Aurobindo Pharma is a known leader in the semi synthetic penicillin and cephalosporin. After creating a name for it in producing APIs and intermediates, the company sees major growth in its specialty generic formulations business. In December 29, 2006, Agile Pharma B.V., the ultimate subsidiary of AUROBINDOP acquired 100% stake in the share capital of Pharmacin International B.V., The Netherlands
AUROBINDOP sees its potential both in regulated and other global markets. In regulated markets, Aurobindo Pharma visualises profits aided by the thrust in building intellectual property. In the large growth segments of other global markets, it will succeed by virtue of its cost-efficient production. The company is based at Hyderabad, India.
Financials
The company reported a growth in standalone net profit for the quarter ended March 2009. During the quarter, the profit of the company rose 18.80% to Rs 903.80 million from Rs 760.80 million in the same quarter last year. Net sales for the quarter rose 21.76% to Rs 7699.80 million, while total income for the quarter rose 20.22% to Rs 7709.6 million, when compared with the prior year period.

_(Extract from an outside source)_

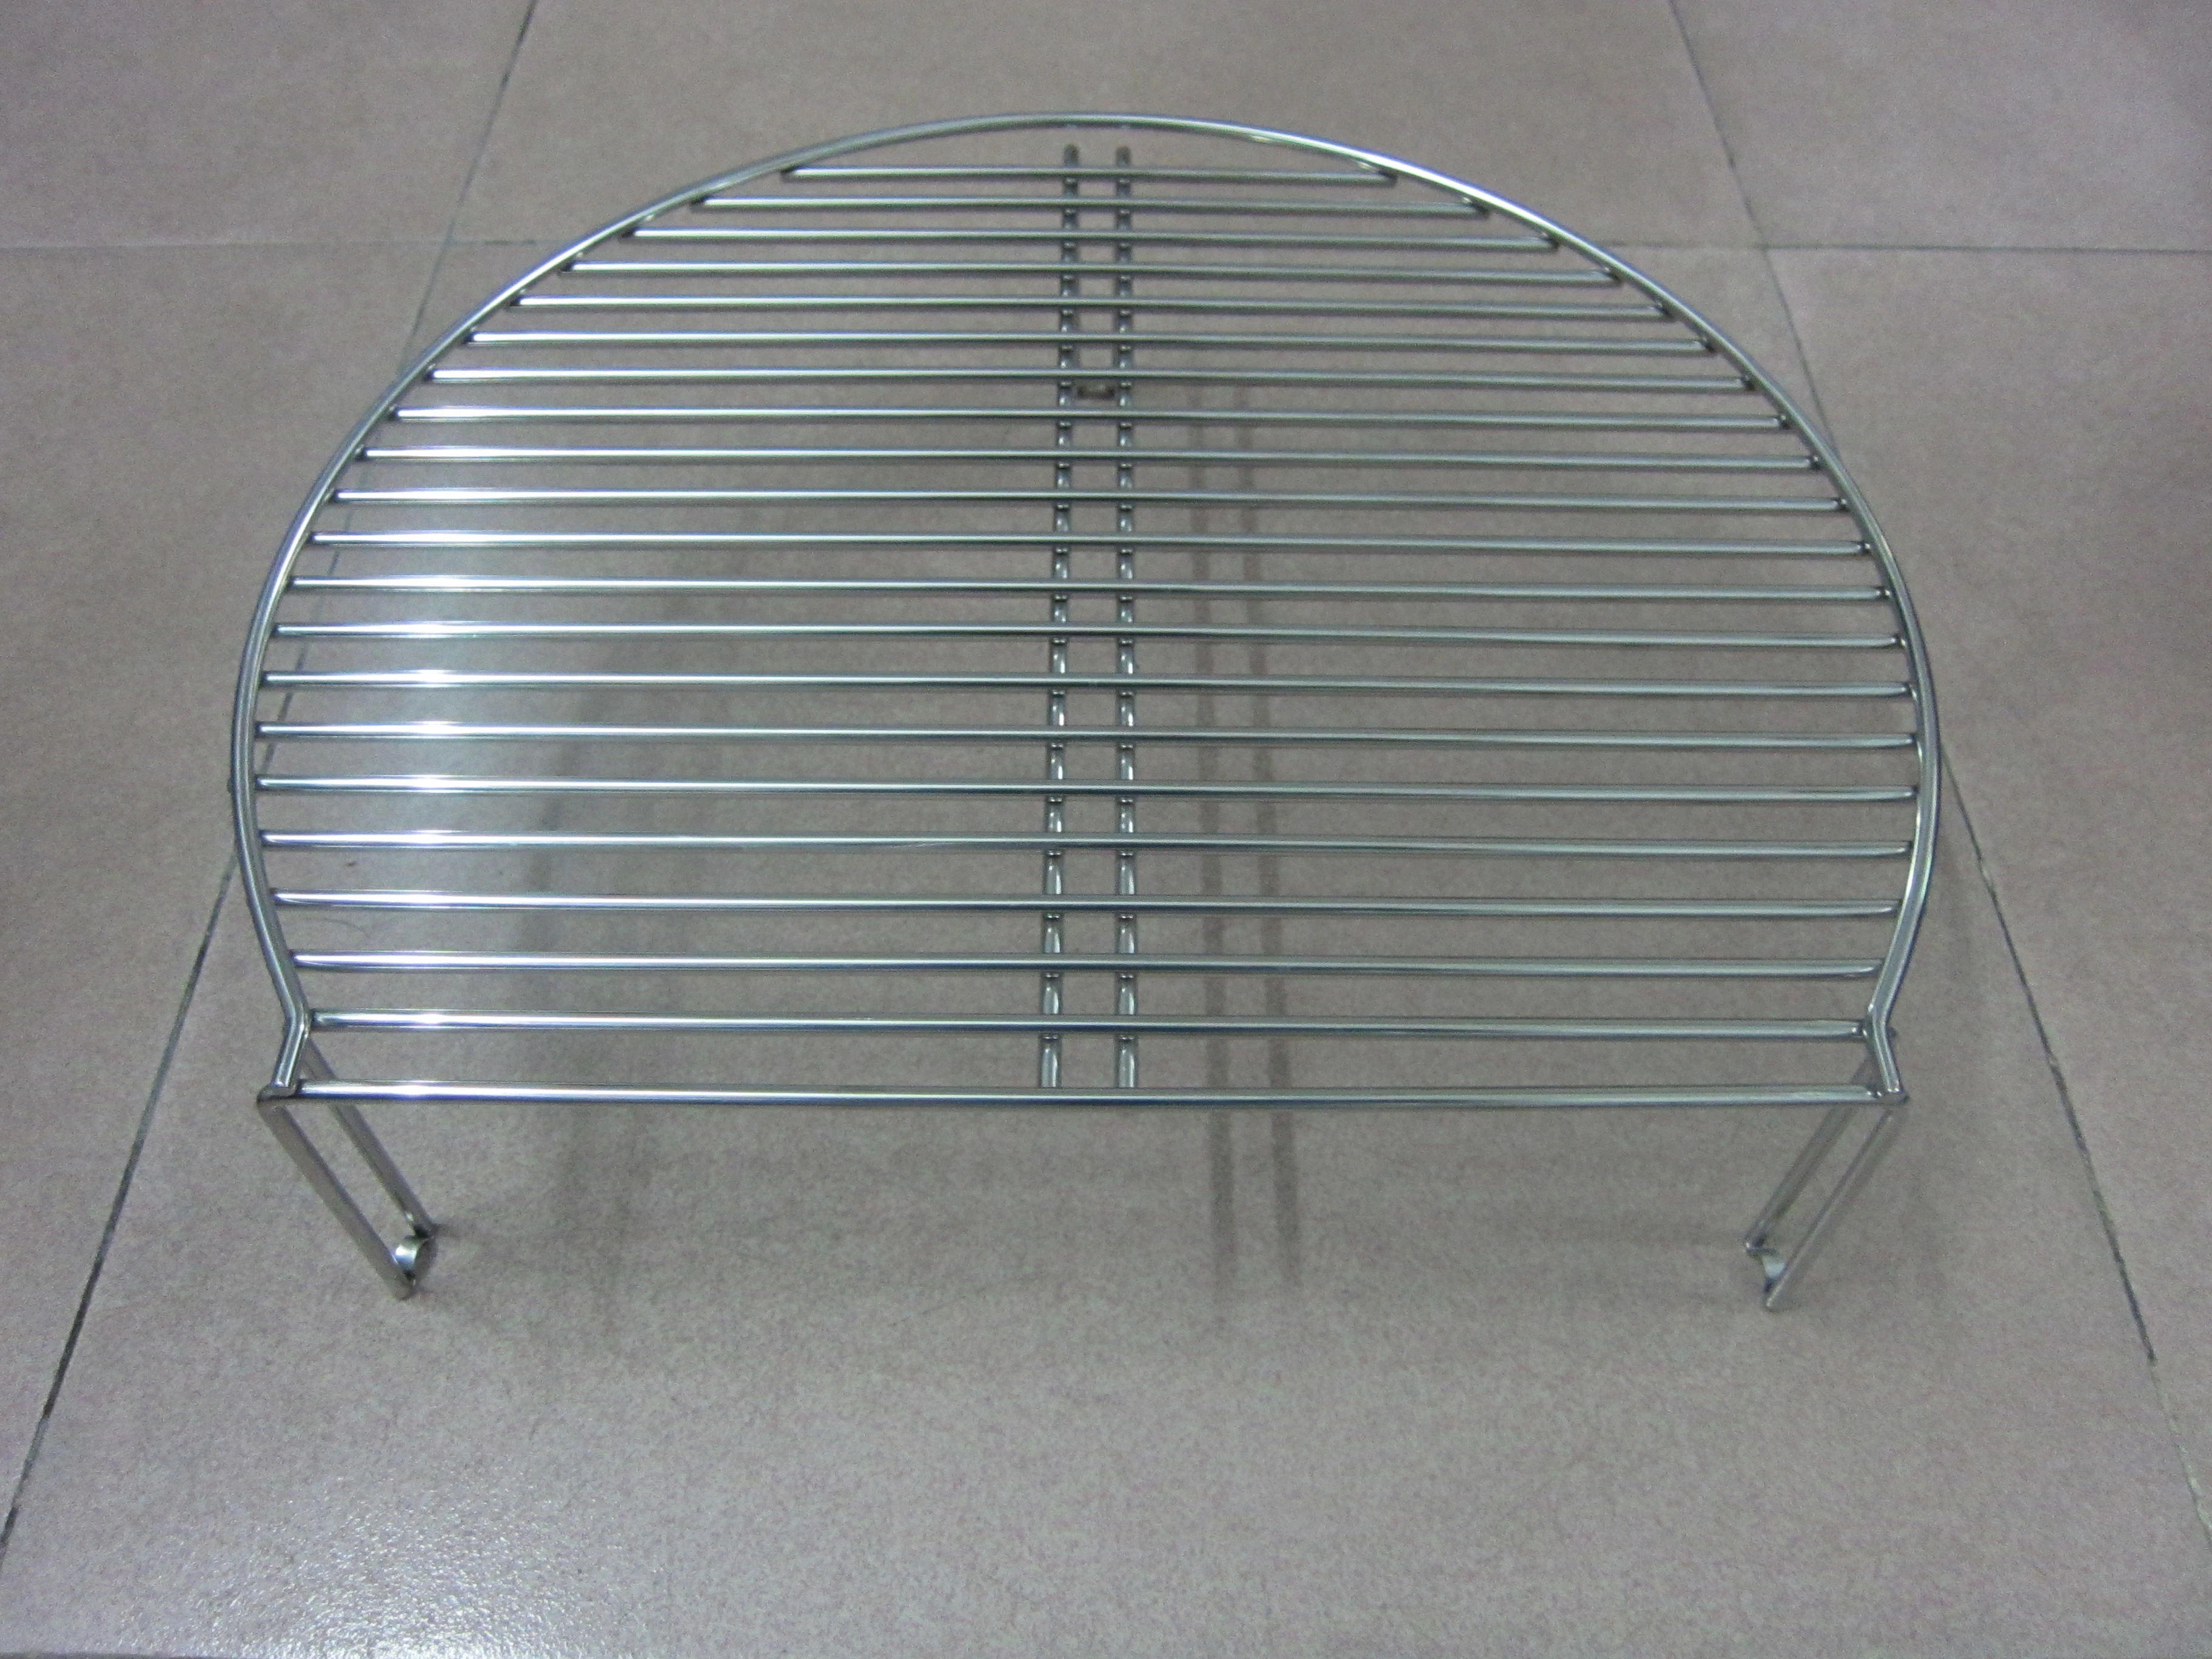 Grill expander Cooking Grate Stainless Steel Cooking Grate Cooking grill Original Manufacturer

It posted earnings of Rs 16.81 a share during the quarter, registering 18.80% growth over previous year period.
Recent Developments
29-MAY-09
The company announced that its US joint venture Cephazone Pharma LLC received approval for its original Abbreviated New Animal Drug Application (ANADA) for ceftiofur sodium sterile powder from the US Food and Drug Administration Center for veterinary medicines.
11-MAY-09
The company`s wholly owned subsidiary Aurobindo Pharma Australia Pty has received another approval from the therapeutic goods administration (TGA), Government of Australia for the registration of Simvastatin tablets 5,10,20,40 and 80 mg.
08-APR-09
The company has received first product approval from Swissmedic, Government of Switzerland for license Finasteride APL Tablets 5mg.
31-MAR-09
The company received tentative approval for Emtricitabine/Tenofovir Disoproxil Fumarate Tablets, 200mg/300mg from the US Food & Drug Administration (USFDA).
28-MAR-09
The company received final approval from the US Food and Drug Administration (USFDA) to market Topiramate Tablet in the strength of 25 mg, 50 mg, 100 mg and 200 mg.
20-MAR-09
The drug maker`s Australian arm, Aurobindo Pharma Australia obtained its second approval from Therapeutic Goods Administration, Australia, Government of Australia for the registration of Sertraline 50 mg and 100 mg blister pack tablets containing Sertraline 50 mg and 100 mg.
19-MAR-09
The company has received registrations from the Medicines Control Council (MCC) to manufacture and market 3 drugs in South Africa.
12-MAR-09
The company has received a tentative approval for Lopinavir / Ritonavir Tablets, 100/25 mg and 200/50 mg from US Food & Drug Administration (USFDA).
03-MAR-09
The company entered in to a series of agreements with Pfizer, a global leader in Pharmaceuticals
02-MAR-09
The company`s Australian subsidiary received its first approval from Therapeutic Goods Administration (TGA), government of Australia for the registration of Auro-Lisinopril 5, Auro-Lisinopril 10 and Auro-Lisinopril 20 tablets containing Lisinopril (as dihydrate) 5mg, 10 mg and 20 mg.
24-FEB-09
The company received a tentative approval for Tenofovir Disoproxil Fumarate Tablet, 300 mg from US Food & Drug Administration (USFDA).
20-FEB-09
The company received tentative approval for Tenofovir Disoproxil Fumarate Tablet, 300 mg from US Food & Drug Administration (USFDA).
30-JAN-09
The company received final approval from the US Food and Drug Administration to market Lamotrigine tablet, in the strengths of 25 mg, 100 mg, 150 mg and 200 mg.
06-JAN-09
The company has announced that it had received the approval for its abbreviated new drug submission, Gabapentine Capsules from Health Canada.